**To do:** Make an exact copy of all the data, pictures excluded.

**Data:**

----

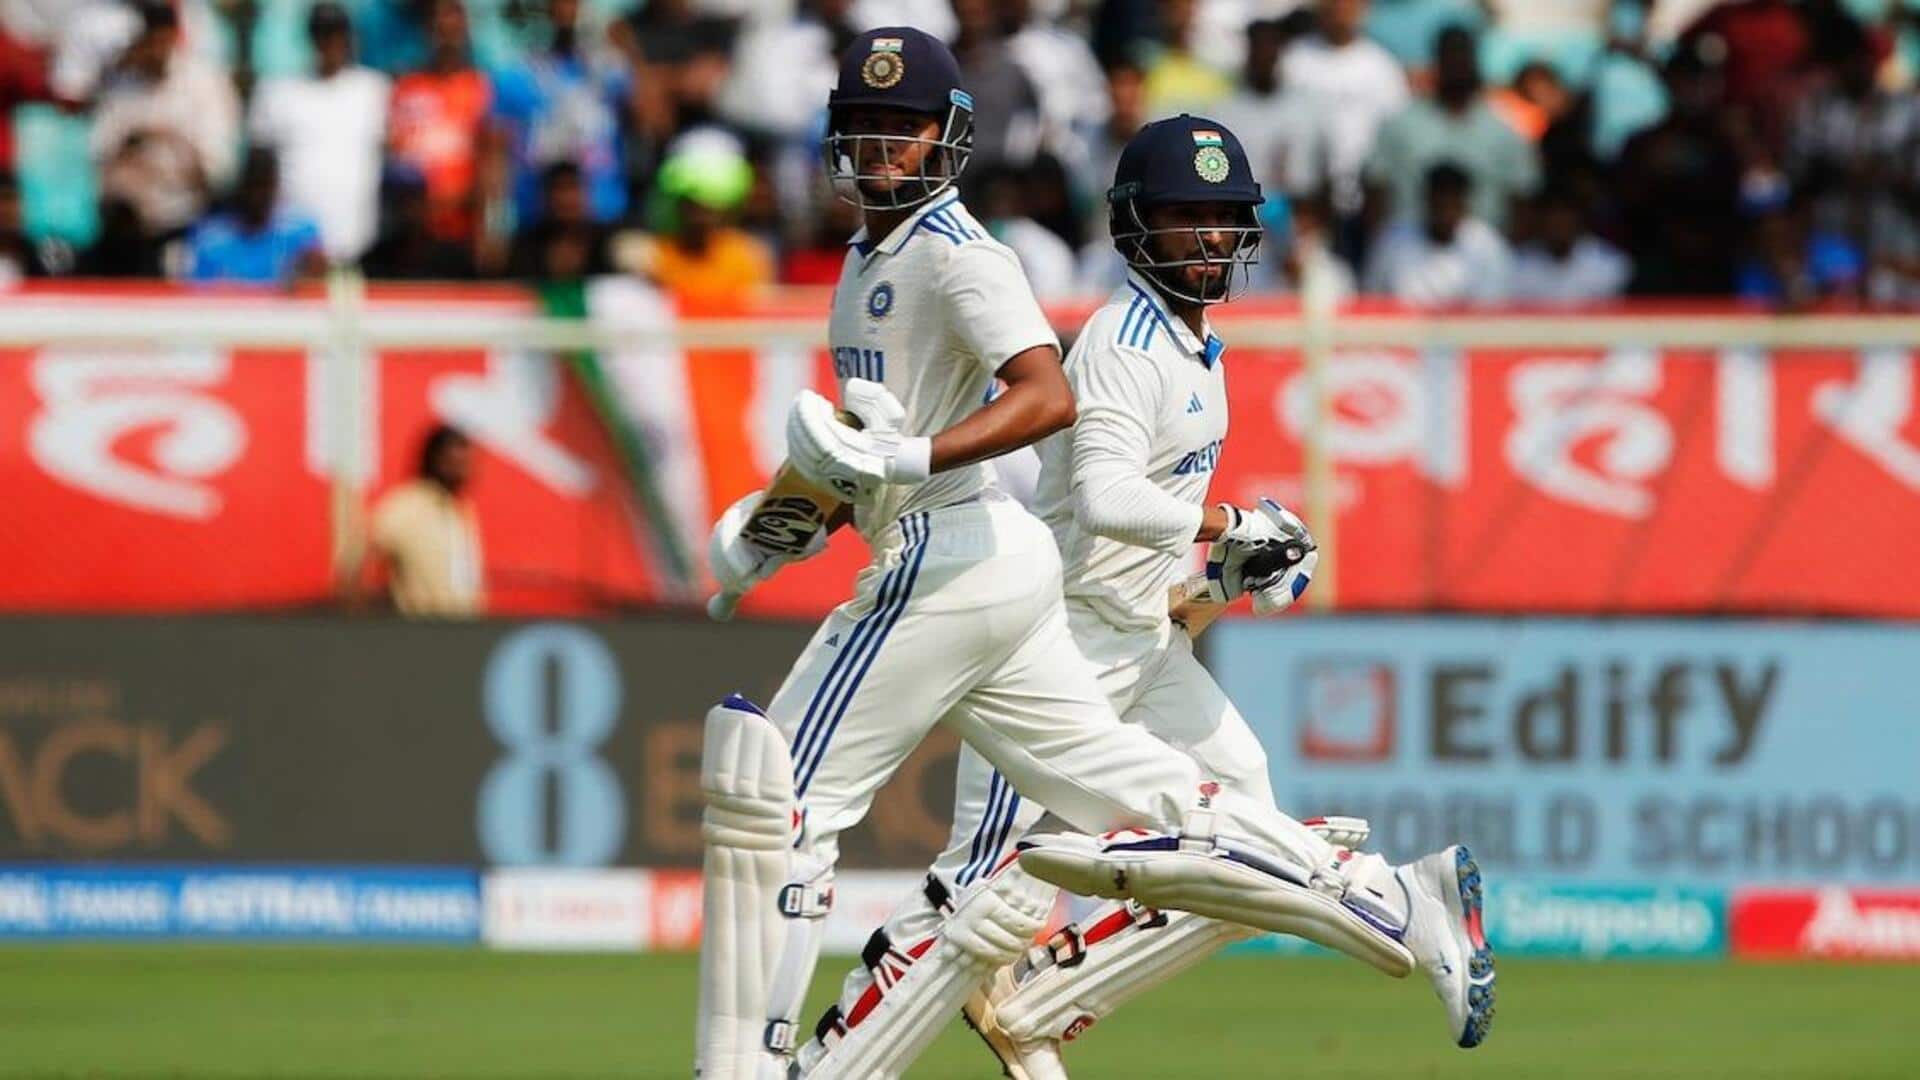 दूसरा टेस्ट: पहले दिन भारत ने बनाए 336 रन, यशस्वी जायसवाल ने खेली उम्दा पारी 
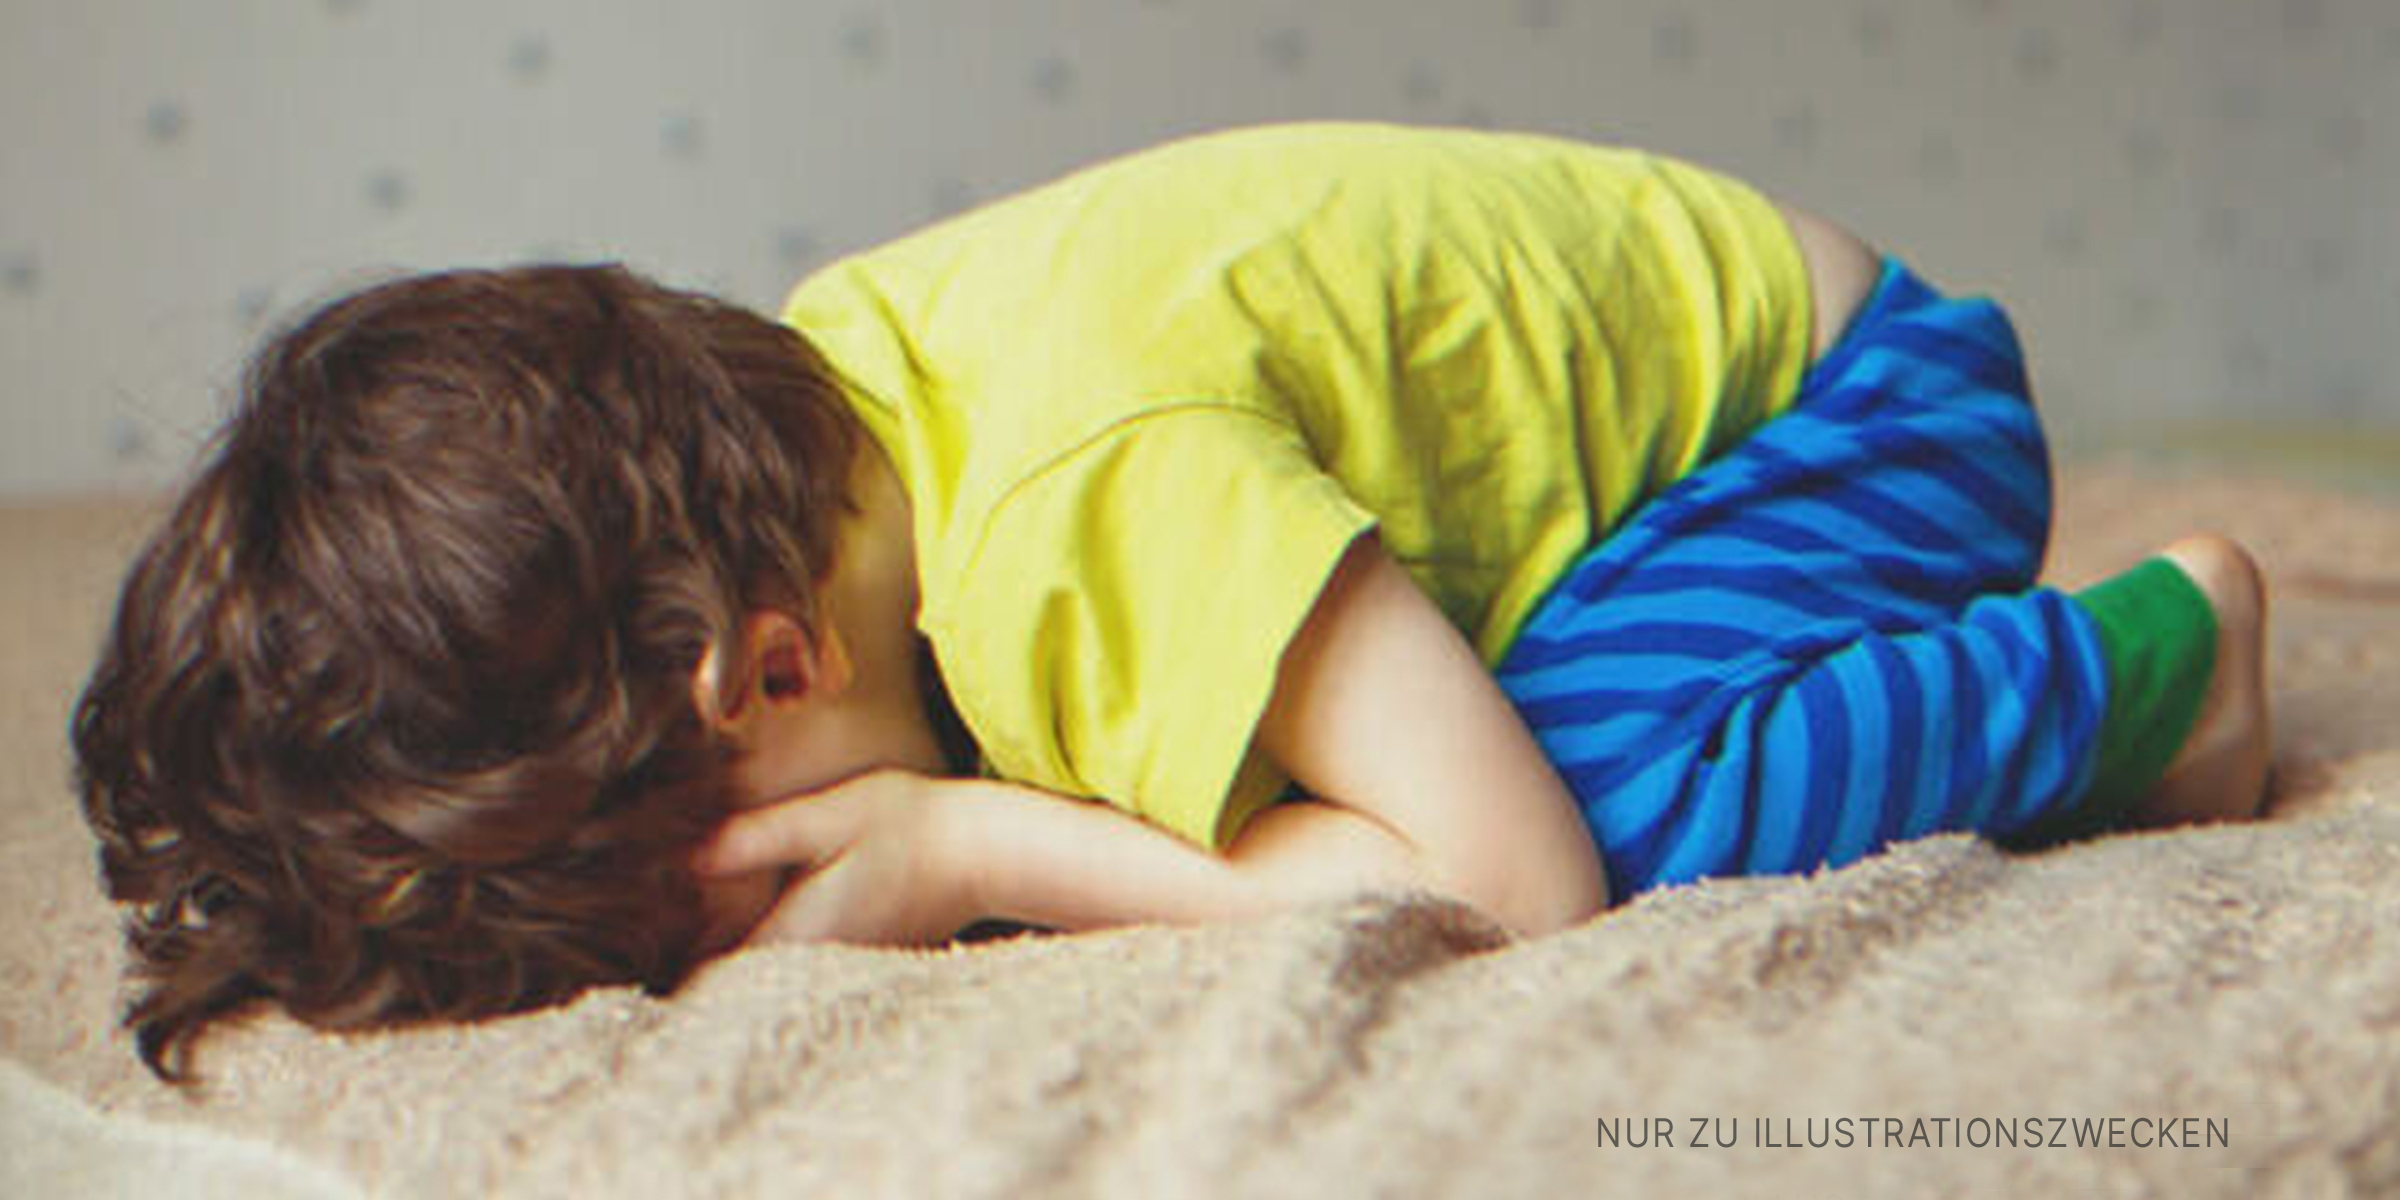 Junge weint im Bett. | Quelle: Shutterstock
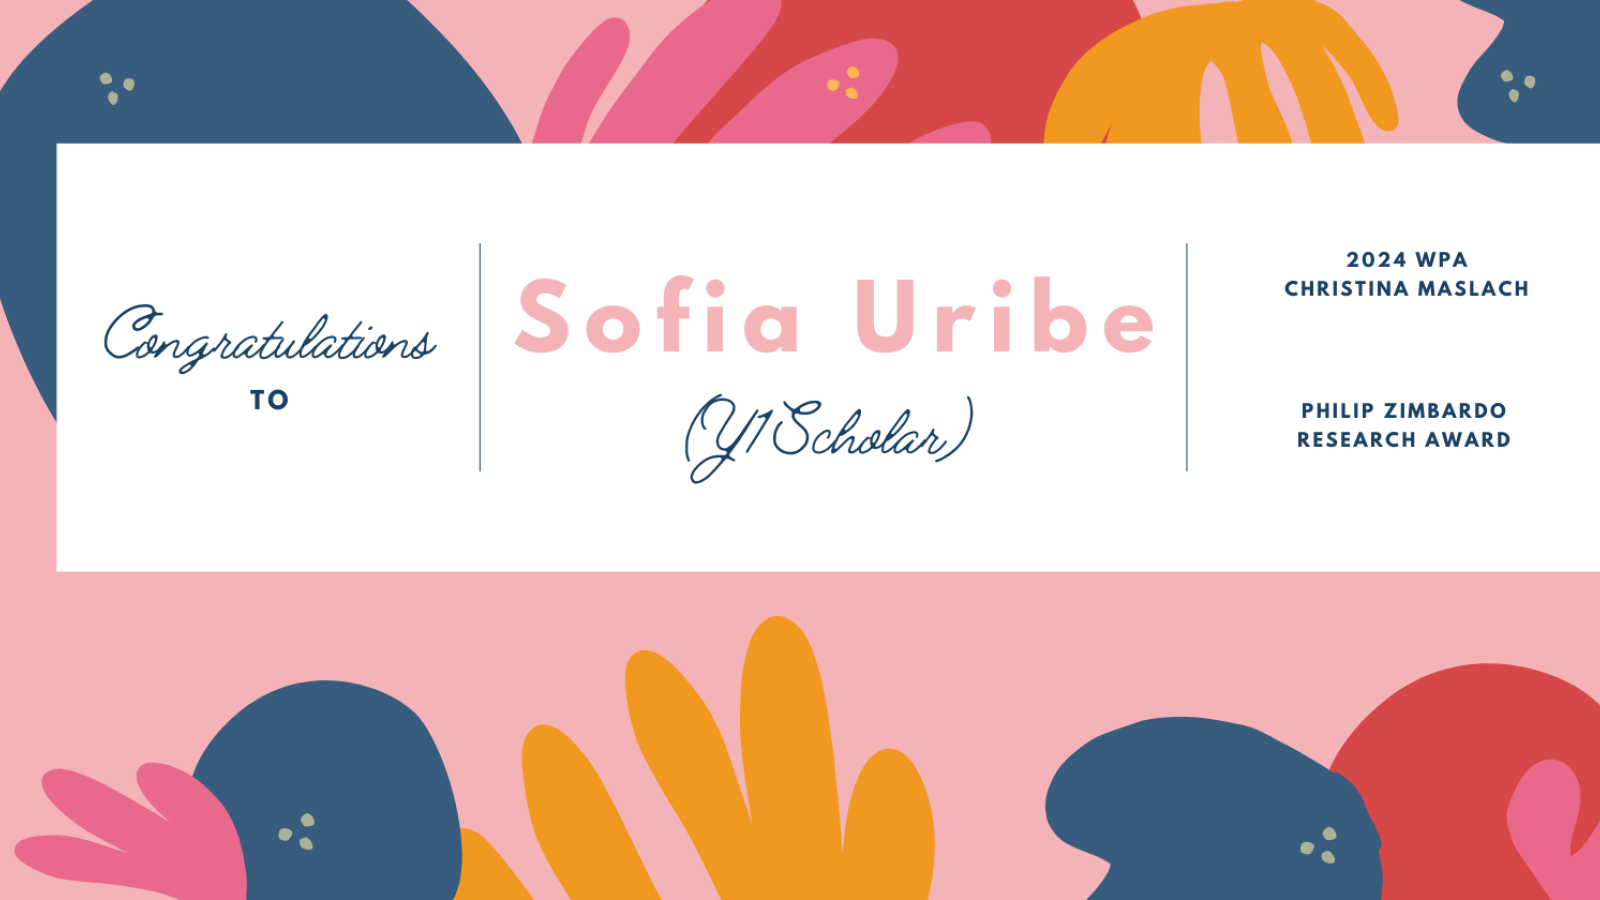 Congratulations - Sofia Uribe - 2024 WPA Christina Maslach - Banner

----

**Answer section:**
 दूसरा टेस्ट: पहले दिन भारत ने बनाए 336 रन, यशस्वी जायसवाल ने खेली उम्दा पारी 
 Junge weint im Bett. | Quelle: Shutterstock
 Congratulations - Sofia Uribe - 2024 WPA Christina Maslach - Banner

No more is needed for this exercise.